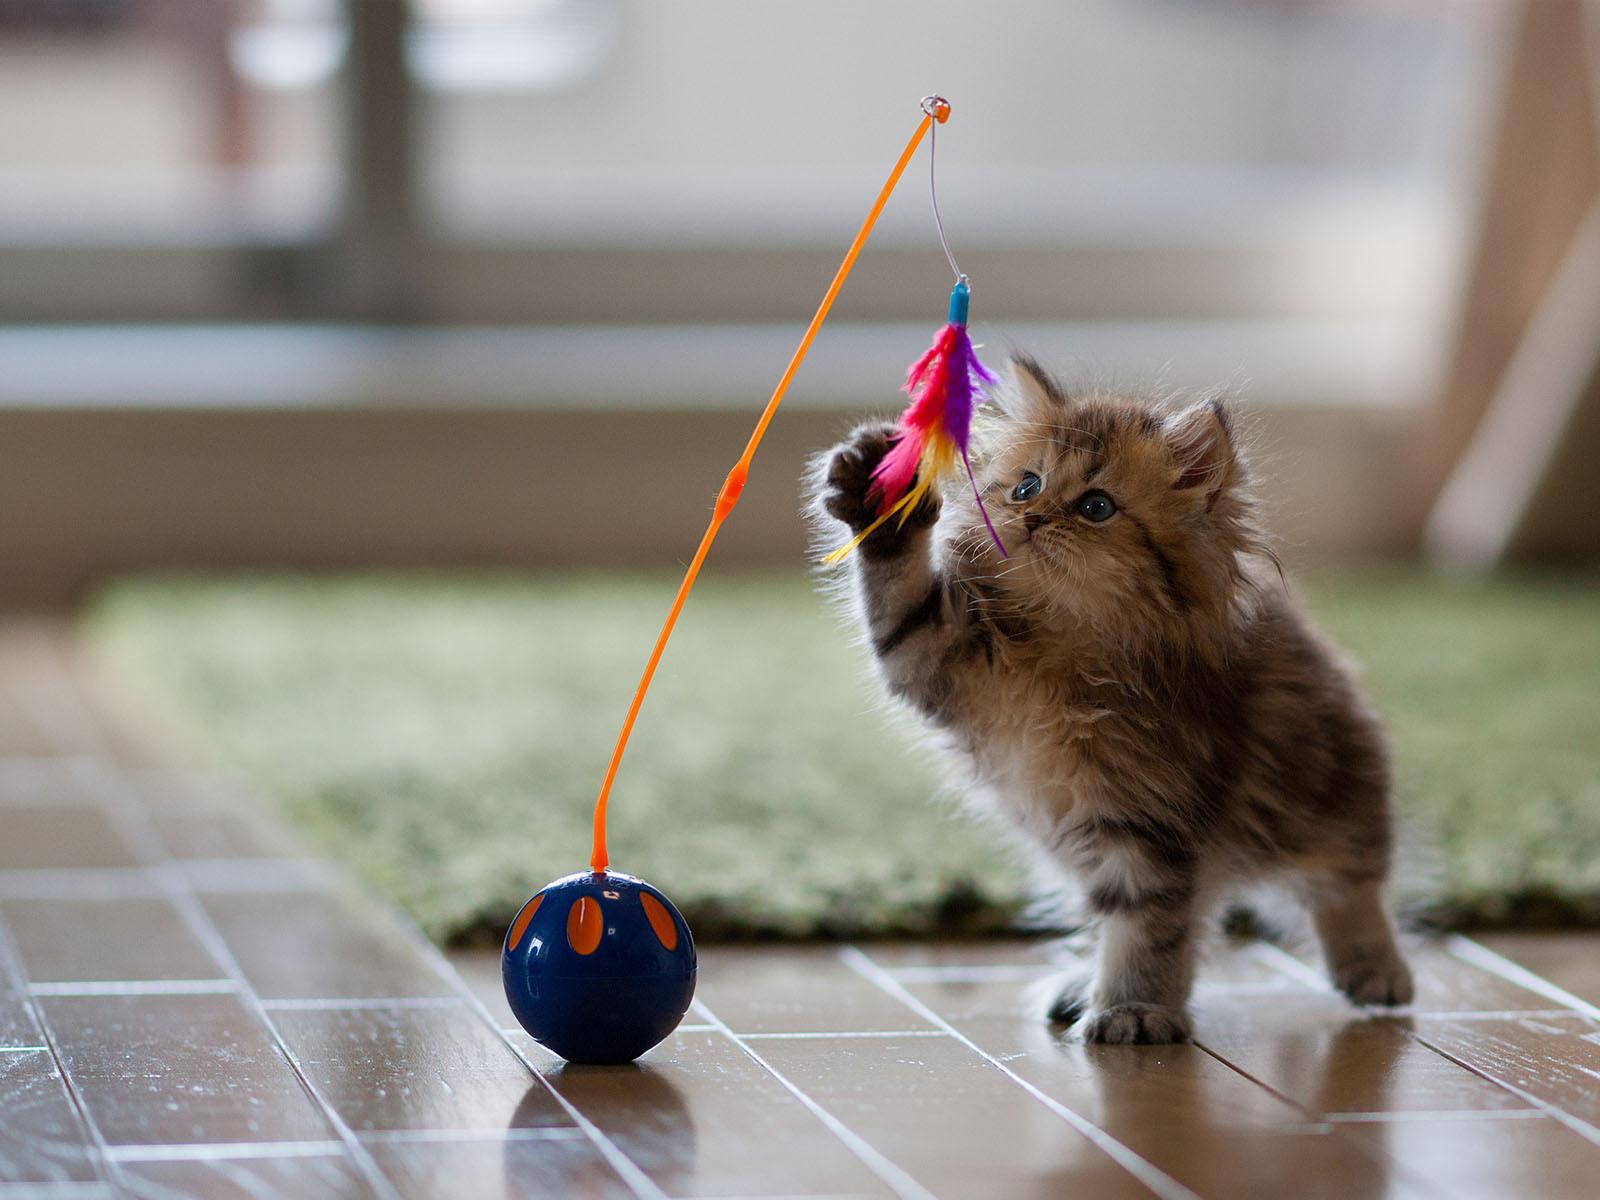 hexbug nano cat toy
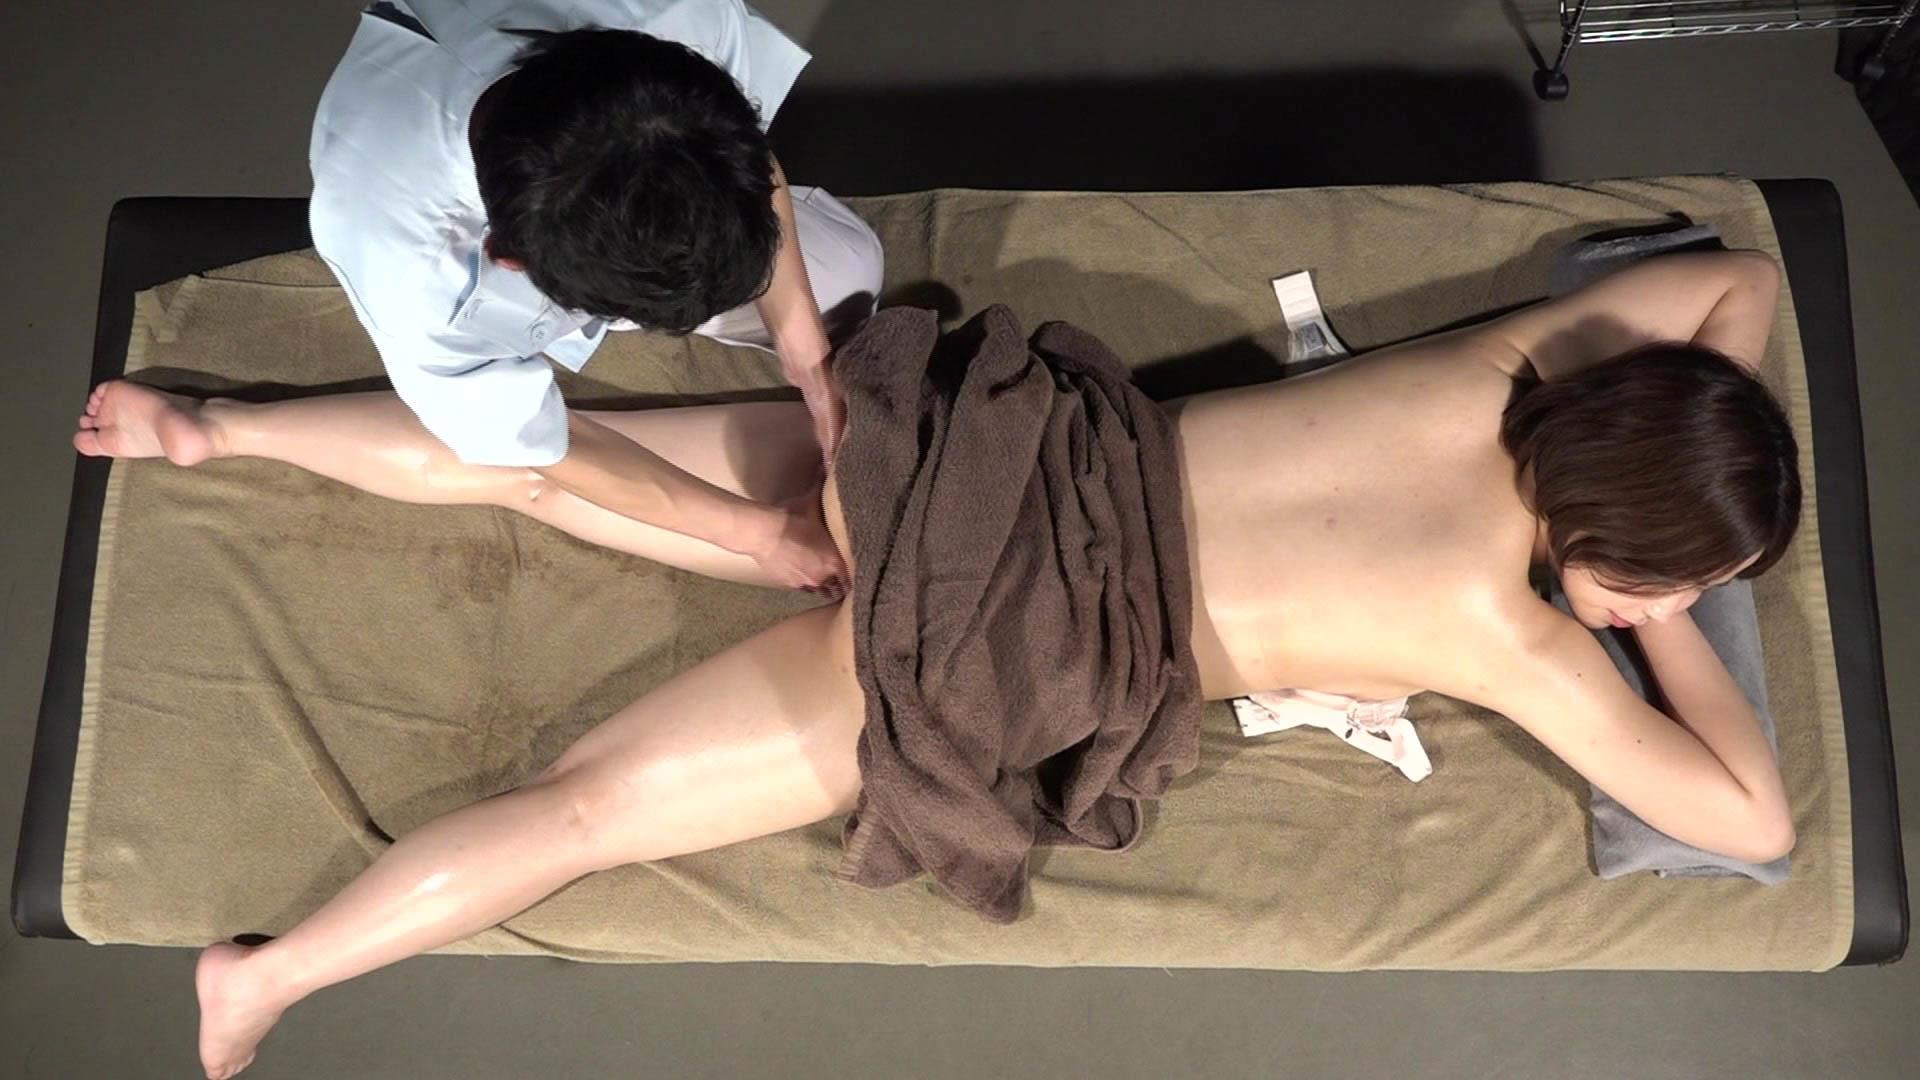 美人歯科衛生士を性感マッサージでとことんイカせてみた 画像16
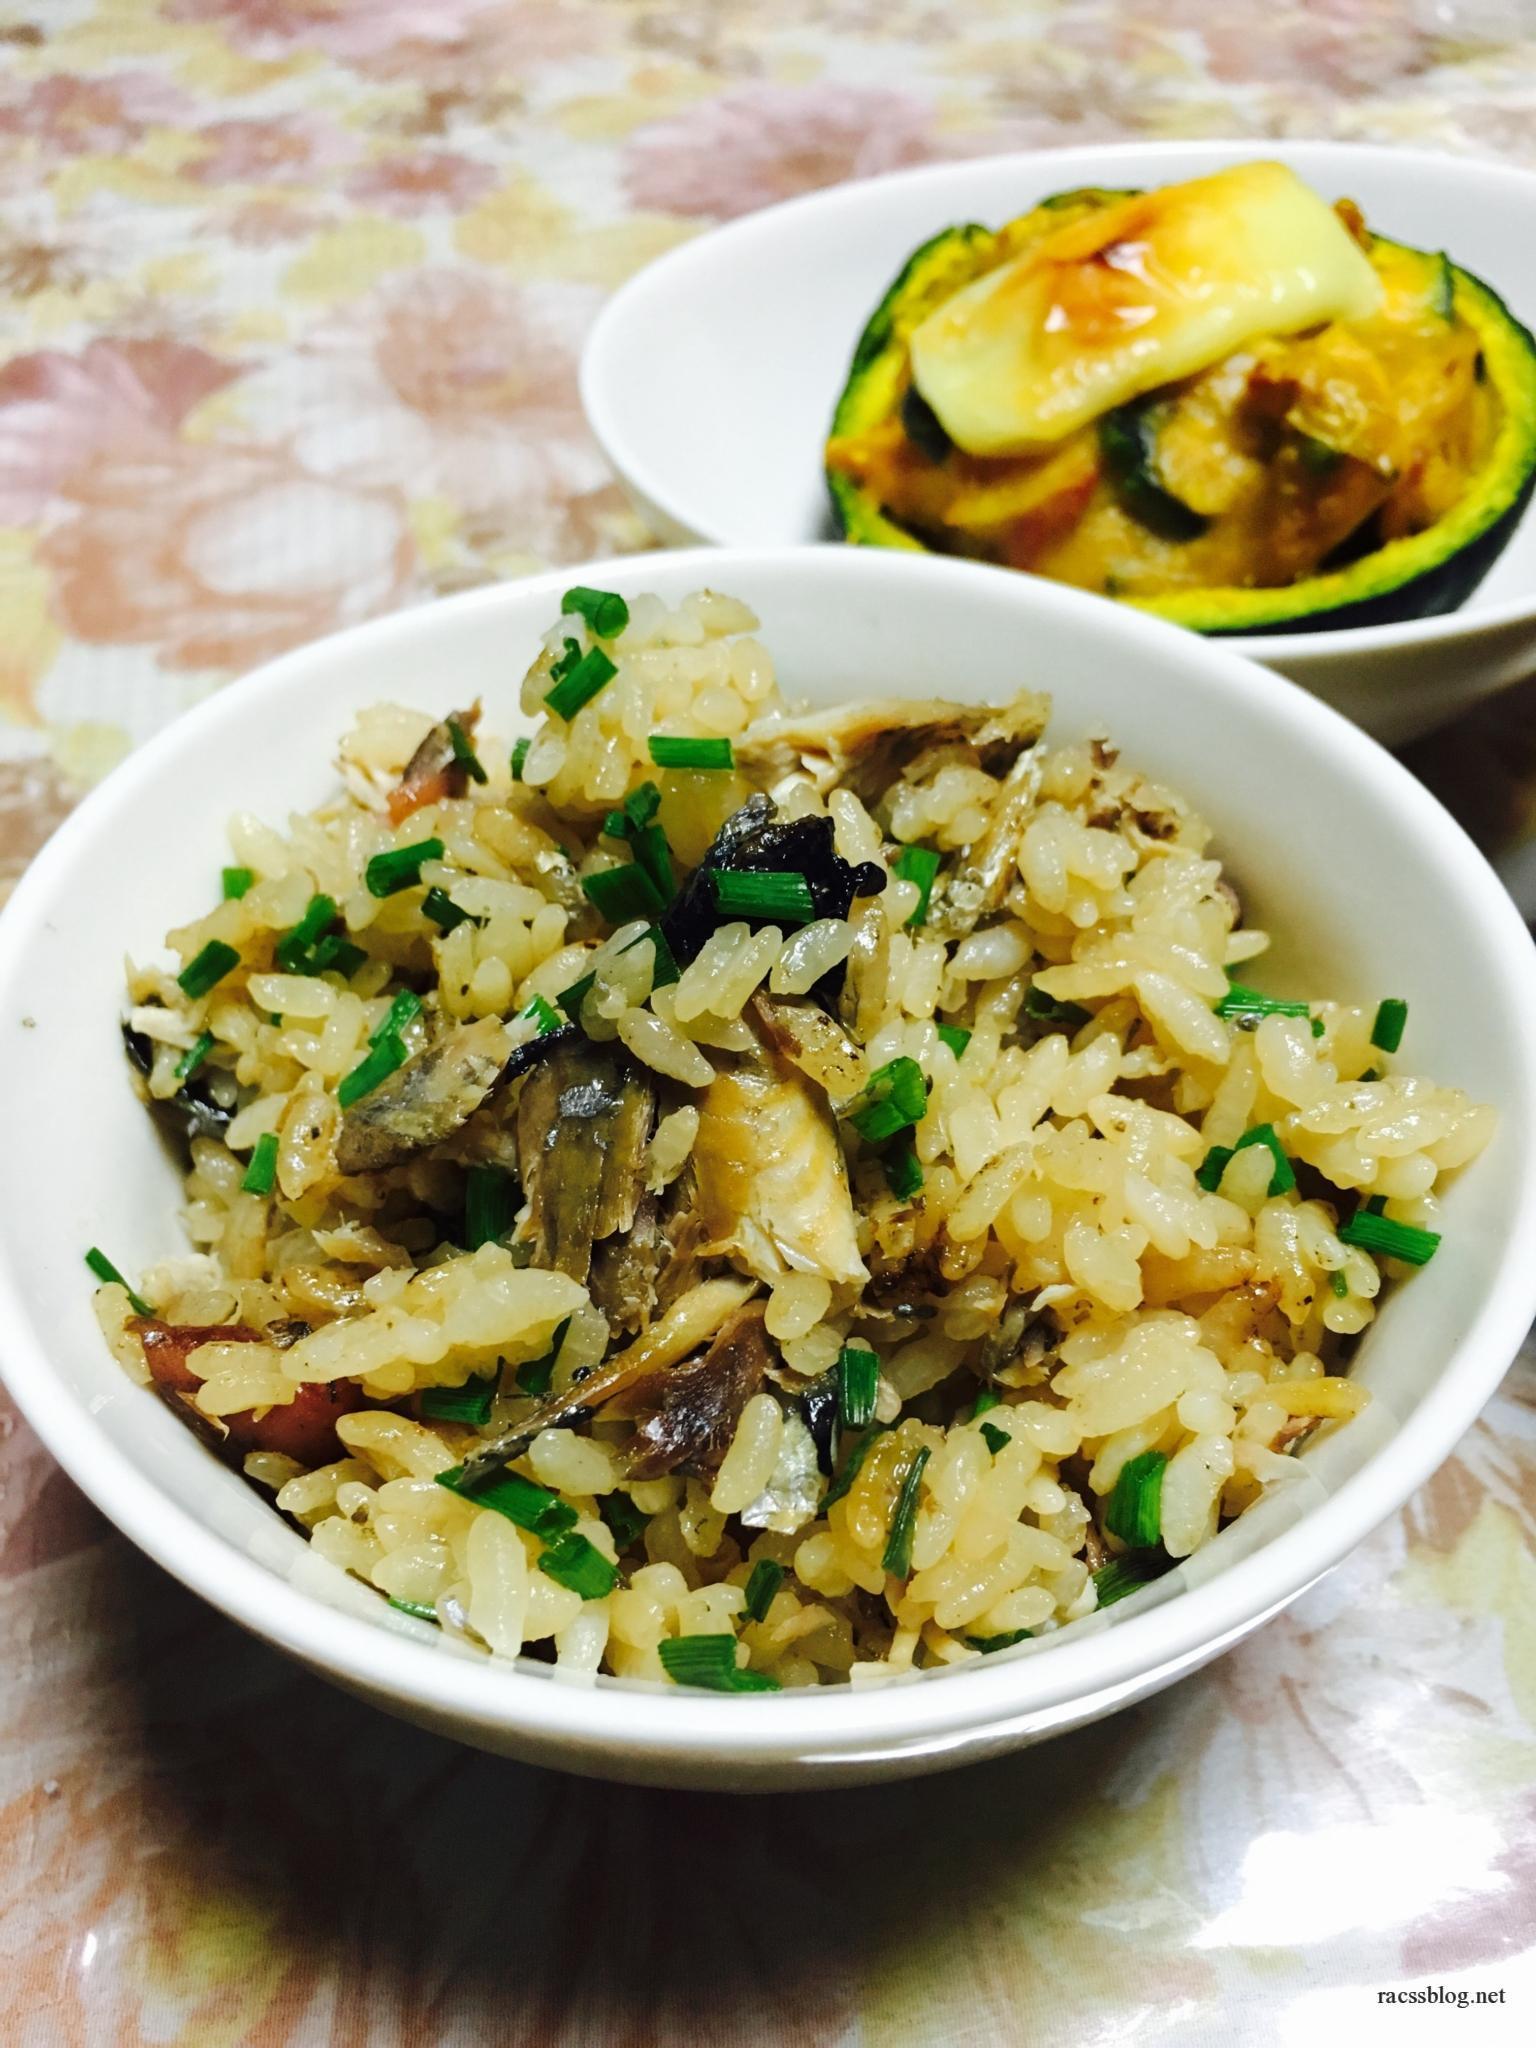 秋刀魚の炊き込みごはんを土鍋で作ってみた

□ □ □ □ □ □ □

Copy exactly the lines running from the line with "美人歯科衛生士を性感マッサージでとことんイカせてみた 画像16" to the final line of the listing, keeping both ends and dropping any picture.

_ANSWER TO THE PROBLEM_:
 美人歯科衛生士を性感マッサージでとことんイカせてみた 画像16
 秋刀魚の炊き込みごはんを土鍋で作ってみた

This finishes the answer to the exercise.